1. The -v=netcdf_variable argument specifies the NetCDF variable for which univariate statistics must be computed and the -f=input_netcdf_file argument specifies that this NetCDF variable must be extracted from the NetCDF file, input_netcdf_file.

2. The -p=periodicity argument gives the periodicity of the input data. For example, with monthly data -p=12 should be specified, with yearly data -p=1 may be used, etc. By default, the periodicity is set to 1. Note that the output NetCDF file will have periodicity time observations.

3. If the -x=lon1,lon2 and -y=lat1,lat2 arguments are missing, statistics are computed for all the points of the 2-D grid-mesh associated with the netcdf_variable.

   The longitude or latitude range must be a vector of two integers specifying the first and last selected indices along each dimension. The indices are relative to 1. Negative values for lon1 are not allowed.

   Refer to comp_mask_3d for transforming geographical coordinates as indices before using comp_stat_3d.

4. If the -t=time1,time2 argument is missing, the whole time period associated with the netcdf_variable is used to compute the statistics.

   The selected time period is a vector of two integers specifying the first and last time observations. The indices are relative to 1.

5. It is assumed that the data has no missing values (excepted missing values associated with a constant land-sea mask as indicated by a missing_value or _FillValue attribute).

   If it is the case, use comp_stat_miss_3d instead of comp_stat_3d.

6. If the -m=output_mesh_mask_netcdf_file argument is present and the -yl= argument is missing, it is assumed when computing the scale factors that the 2-D grid-mesh associated with the input NetCDF variable is gaussian and covers the whole globe or that this 2-D grid-mesh is regular.

   If the grid is a regular gaussian grid, but the domain does not cover the whole globe, the -yl= argument must be used to specify the latitude boundaries of the domain, otherwise the first and last columns (elements) of the first two scale factors are wrong.

   The -yl= argument specifies the latitude limits of the domain in degrees (latl1 and latl2 must be real numbers) and the ordering of these two values must be coherent with the ordering of the latitudinal coordinate variable in the input_netcdf_file file.

7. If the -m=output_mesh_mask_netcdf_file argument is present and if some scale factors can not be computed, these scale factors are set to 1.

8. The -mi=missing_value argument specifies the missing value indicator for the variance (VAR), standard-deviation (STD), skewness (SKEW) and kurtosis (KURT) variables in the output_statistics_netcdf_file.

   If the -mi= argument is not specified and the NetCDF variable has a missing_value or _FillValue attribute, the missing_value is set to 1.e+20. This argument is not used if the NetCDF variable specified in the -v= argument has no missing_value or _FillValue attribute (excepted for the skewness and kurtosis statistics).

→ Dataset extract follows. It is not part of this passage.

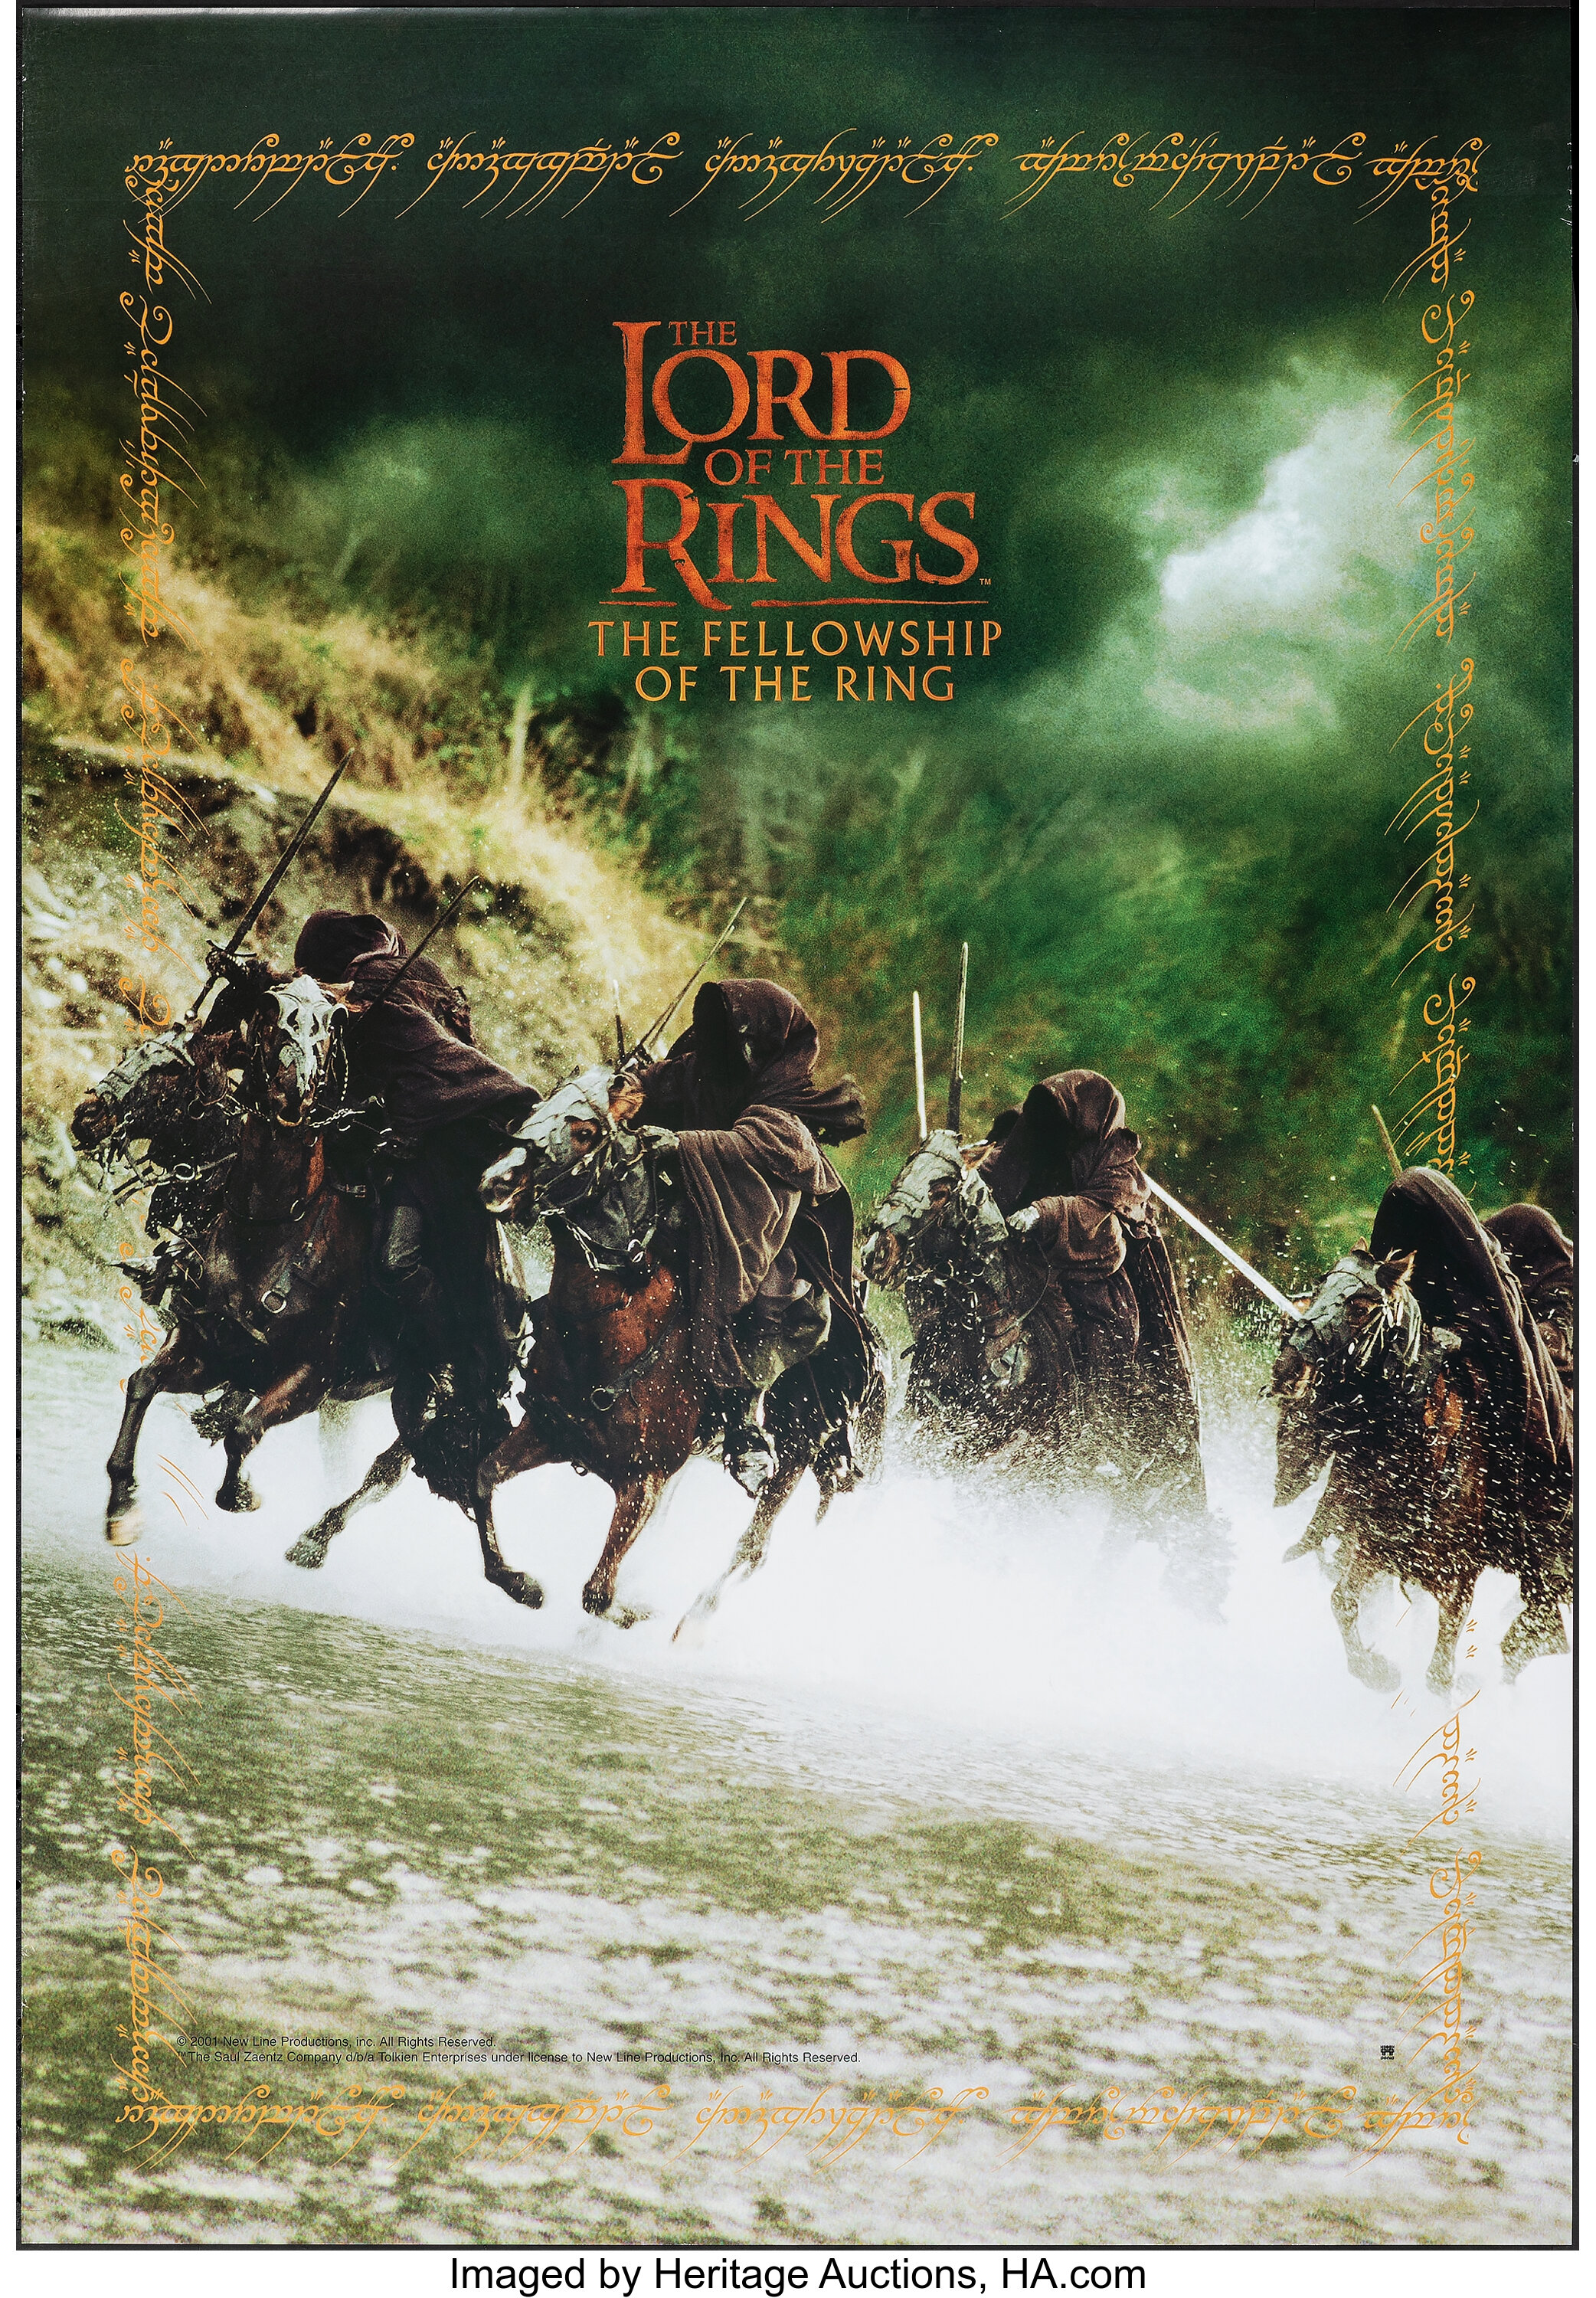 The Lord of the Rings: The Fellowship of the Ring (2001) Teaser

9. If -nobias is specified, unbiased estimates of skewness and kurtosis are computed.

   If the -nobias argument is absent, the biased standard estimates are computed.

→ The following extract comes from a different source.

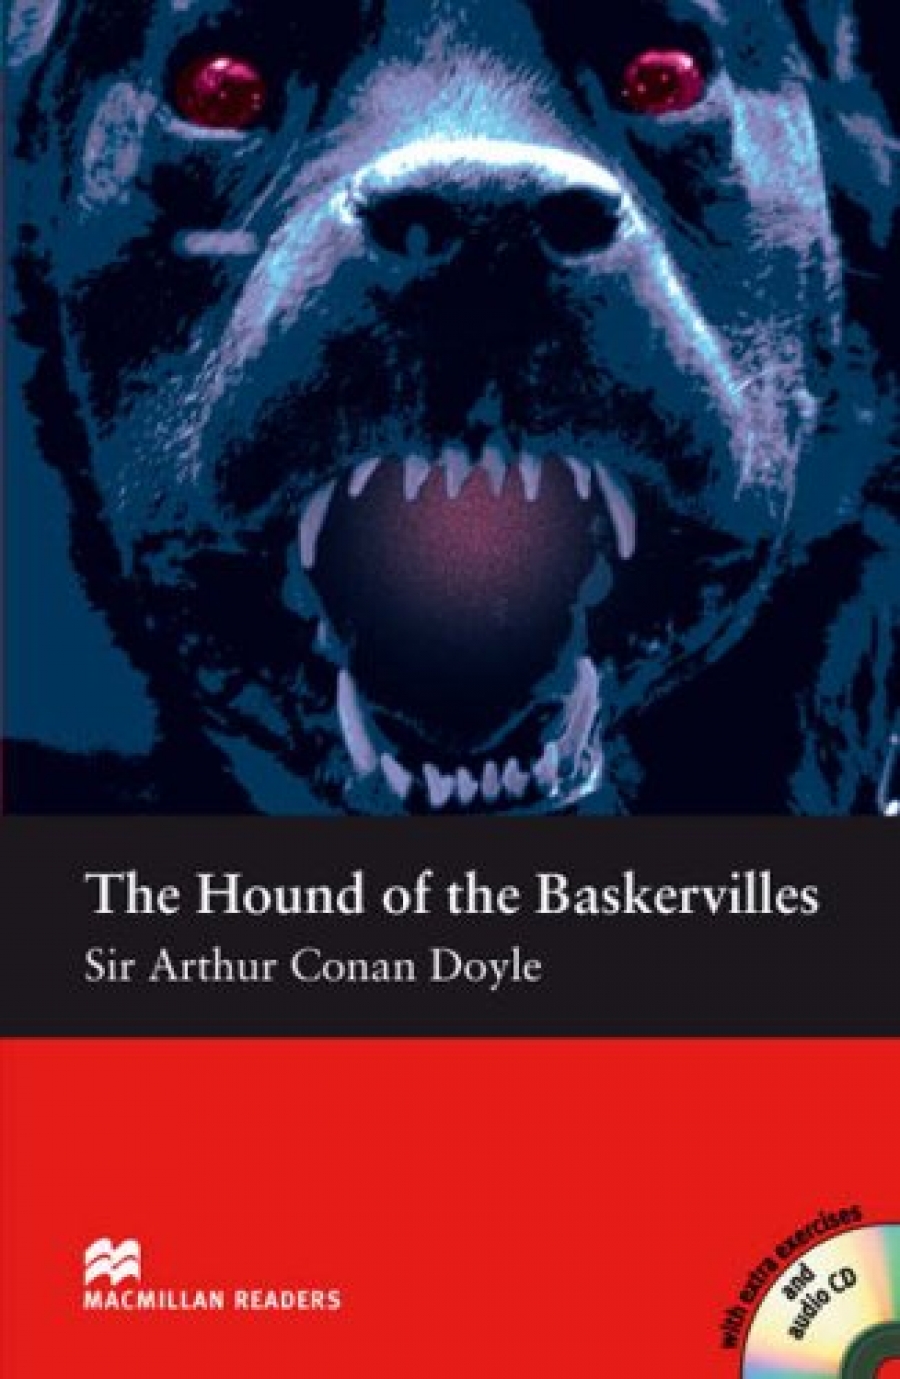 Sir Arthur Conan Doyle, retold by Stephen Colbourn The Hound of the Baskervilles

10. If -stderror is specified, the standard errors of skewness and kurtosis are computed.

    If the -stderror argument is absent, the standard errors are not computed.

11. If -prob is specified, the significance levels of skewness and kurtosis are computed. Moreover, the -prob argument implies also the -stderror argument, even if this argument is not activated.

    If the -prob argument is absent, the significance levels are not computed.

12. At least 4 observations by period, as determined from the -p=periodicity argument, are required, otherwise the program will stop.

13. The -double argument specifies that the VAR, STD, SKEW and KURT variables must be stored as double-precision floating point numbers instead of single-precision floating point numbers in the output_statistics_netcdf_file.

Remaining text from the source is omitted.